Why it matters: Look at the skies of Syria, Russia — or, many squinted and said, New Jersey — and the future of terrorism and warfare is on vivid display. Drones gather intelligence, guide artillery and shape battle plans.
Between the lines: The NFL's fear is based on gaps in authority among local, state and federal authorities. A league source calls the lack of coordination is "potentially dangerous and unsustainable."
- "Laws, regulations and enforcement mechanisms have not caught up with the technology and proliferation of these machines," the source said.
- "The general distrust in institutions, and general paranoia about the 'deep state,' makes unidentified flying objects that dwell over our communities particularly menacing. Are we being watched? If so, by whom? And they sound like swarms of insects."
State of play: White House press secretary Karoline Leavitt began her first briefing by confirming something that had long been apparent — last fall's feverish drone spottings in the Northeast were mostly sightings of ... airplanes.
- "After research and study, the drones that were flying over New Jersey in large numbers were authorized to be flown by the FAA for research and various other reasons," she said, citing news she'd been told "directly" by President Trump in the Oval Office, and echoing what the Biden administration had contended.
- The epidemic of coverage tailed off with the Christmas holidays, as people moved on and the planes kept landing. "Many of these drones were also hobbyists — recreational, and private individuals that enjoy flying drones," Leavitt added. "In time, it got worse, due to curiosity. This was not the enemy."

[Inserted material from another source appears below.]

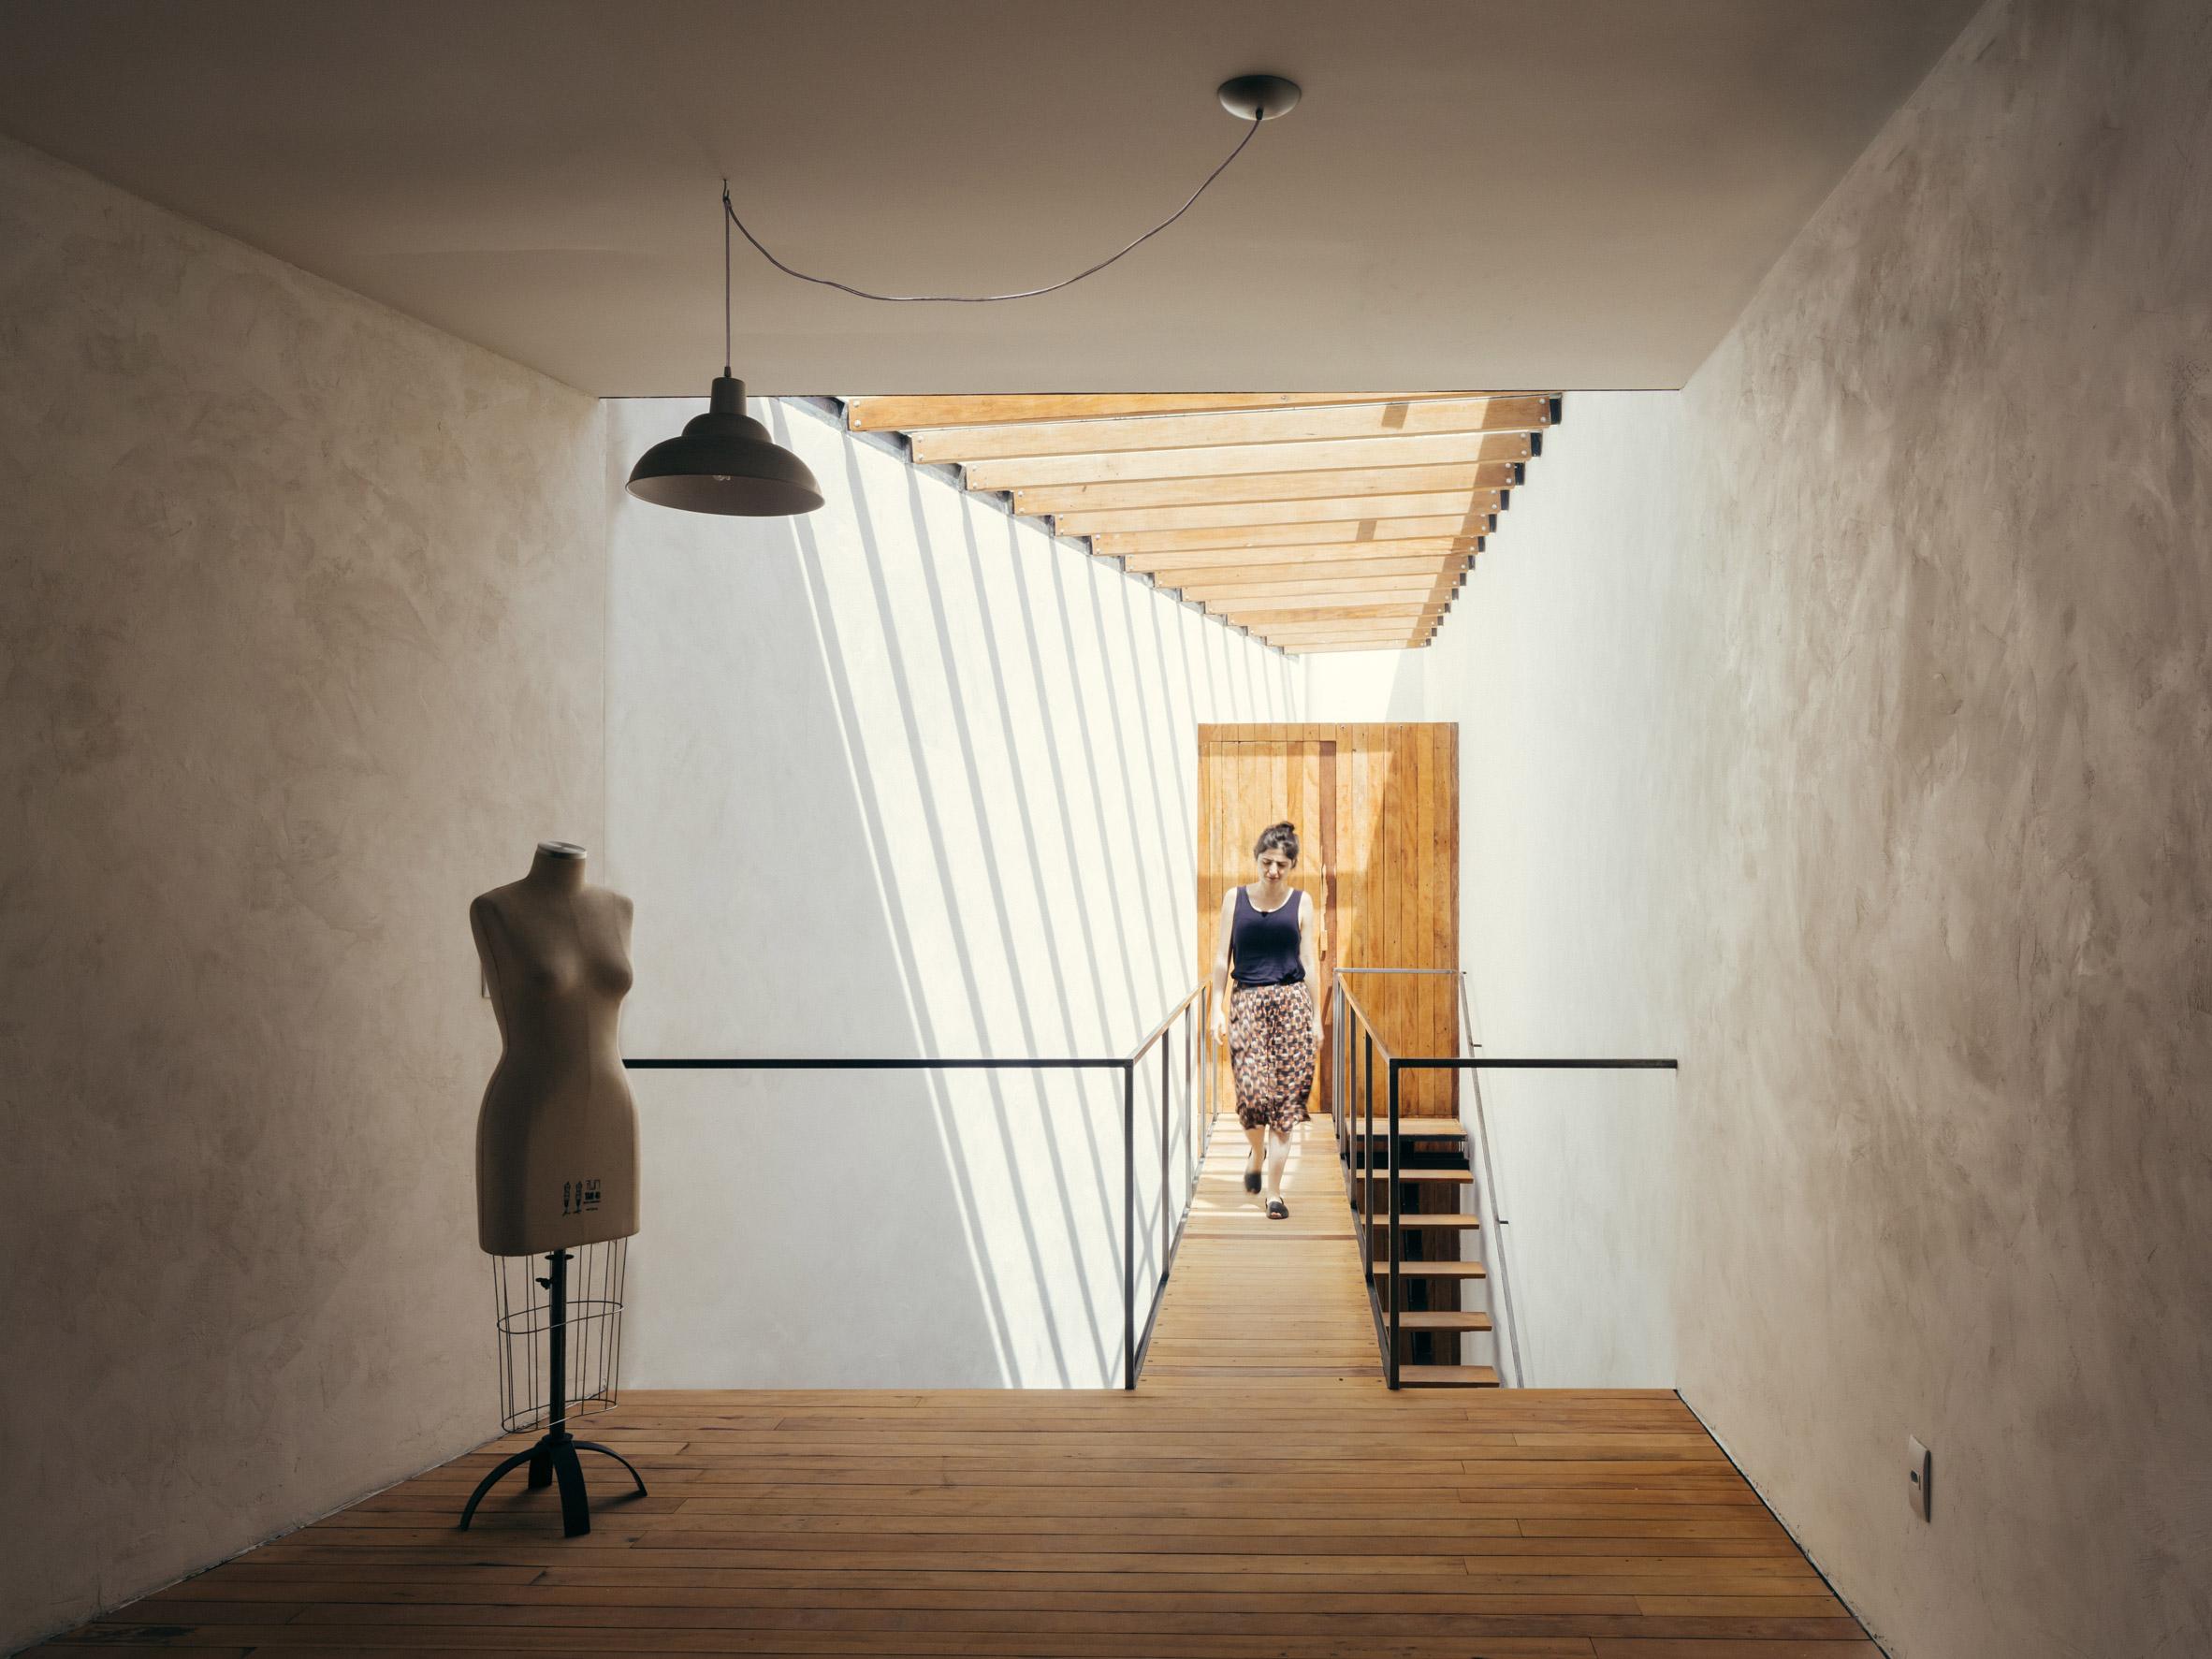 Vão Arquitetura organises São Paulo boutique around indoor garden
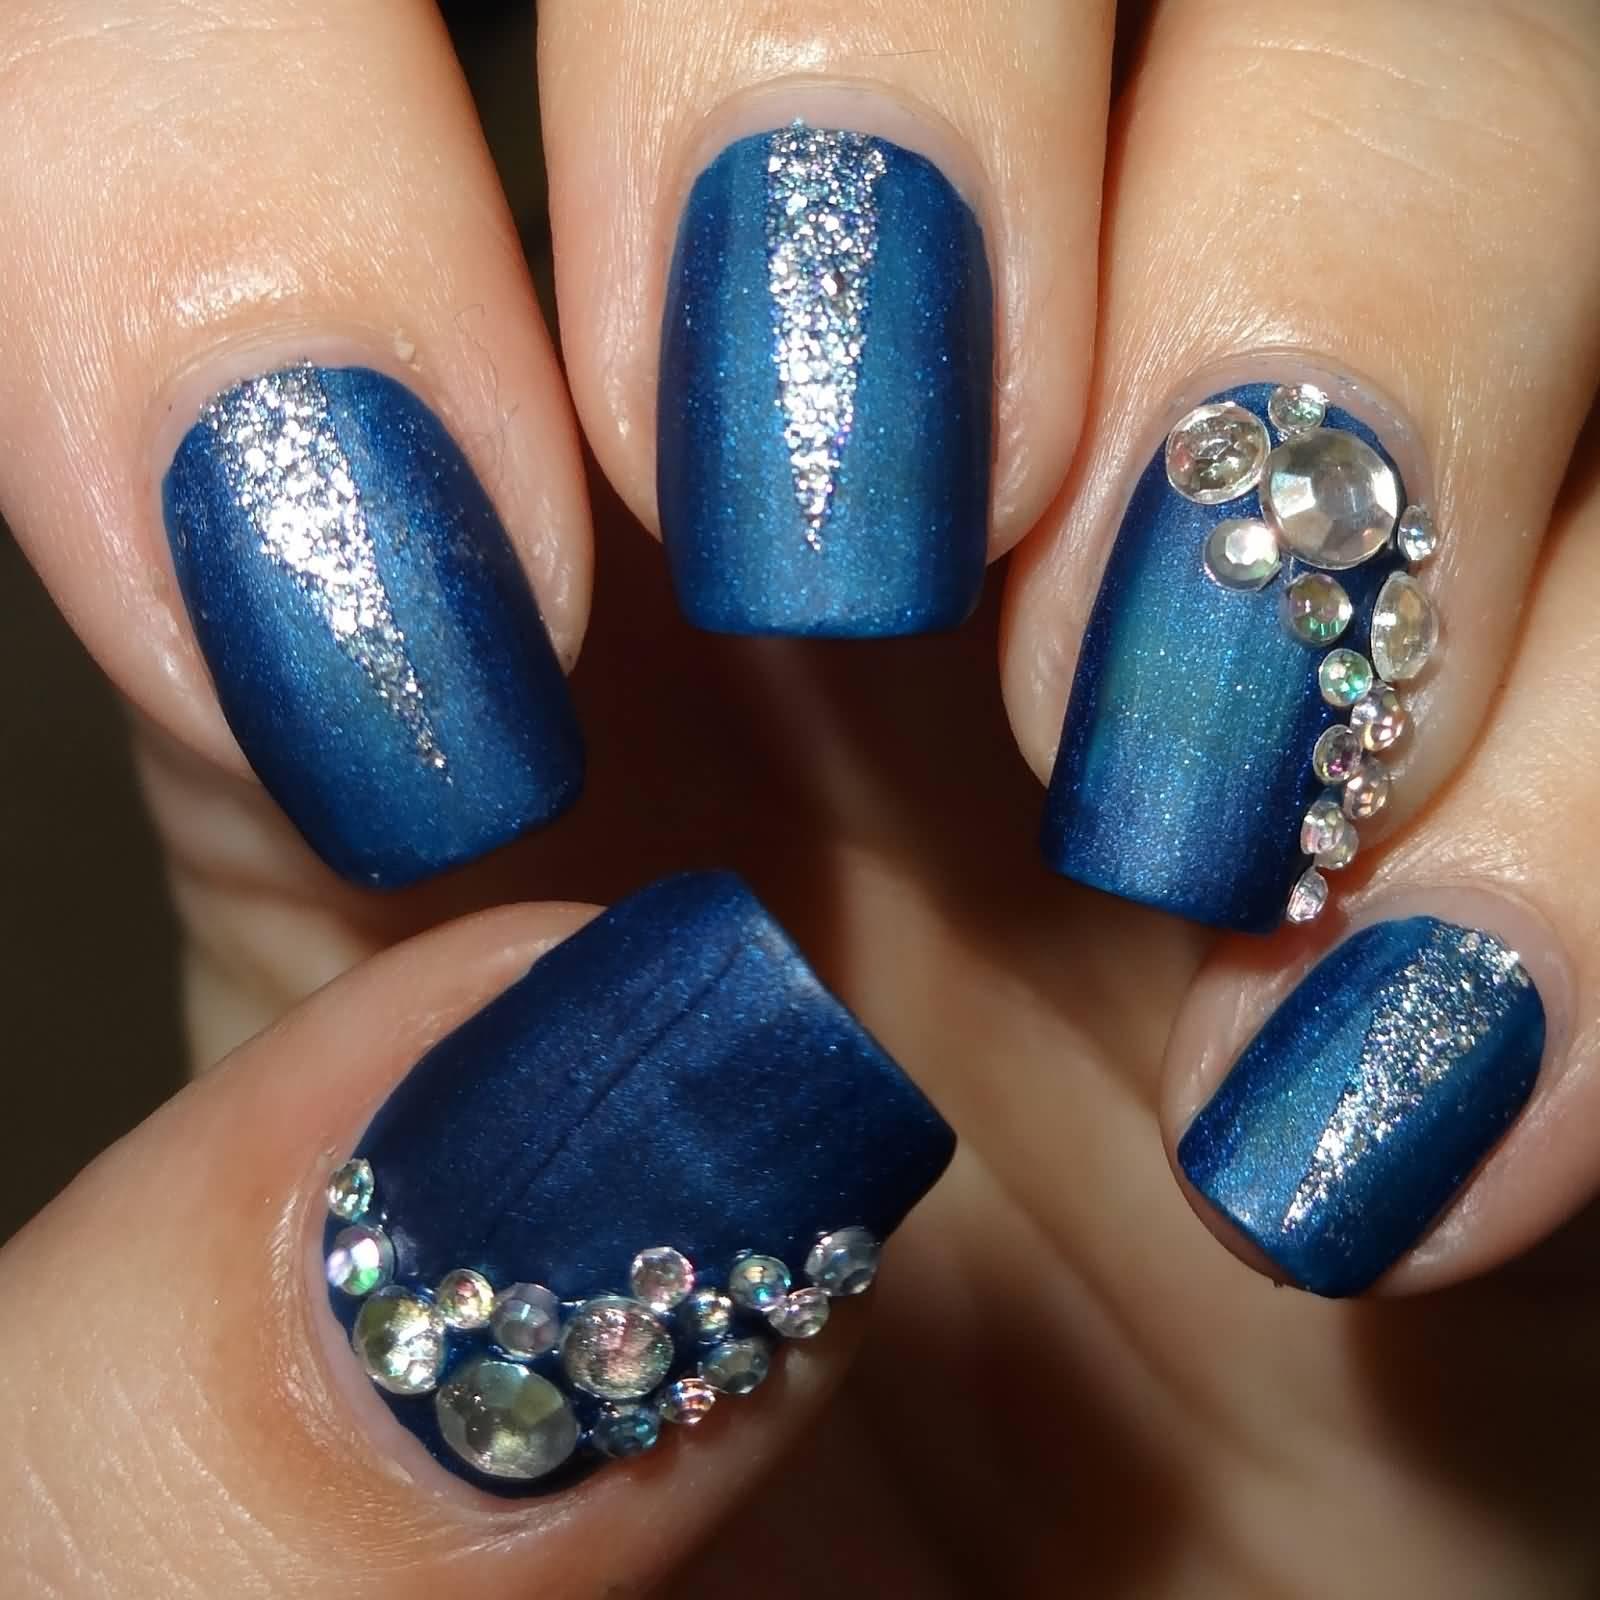 Beautiful nail art las vegas images everyday style ideas 3d nail most beautiful d nail art design ideas for trendy girls 3d nail art las vegas prinsesfo Choice Image

Reality check: Amid the goofy sightings, the true domestic drone threat is under-discussed, defense executives tell Colin Demarest, author of Axios Future of Defense.
- The Pentagon is spending big to dominate drone defense with drone-neutralizing technology, including "meaningfully improved" protections against small drones.
- Drones' bloody consequences are apparent in the Middle East, where the U.S. Army has deployed drone zappers in a rush to defend troops.
How it works: Dropping drones is no easy task. It requires spotting, identifying, tracking and intercepting, Colin explains.
- That last part can be accomplished with a multimillion-dollar missile (looking at you, Red Sea), bullets, electronic interference or something as primitive as a net or cage.
- Drone swarms only complicate this: What's a decoy? What's deadly? Who's the target? Which do you shoot?
What to watch: Jonathan Moneymaker, CEO of BlueHalo, a next-generation defense firm based in Arlington, Virginia, told Colin that as threats escalate from unmanned aircraft systems (UAS), as the FAA calls drones, "our legislation to protect the homeland has not kept pace."
- Moneymaker said there's a critical need to empower local authorities, through the Department of Homeland Security, to deploy countermeasures around airports, power stations, military installations and surrounding communities. "We have the technology to be ready," he said. "We need the legislation to catch up. We will either address this before we suffer a major drone attack in [the U.S.], or we will address it after — but we will address it."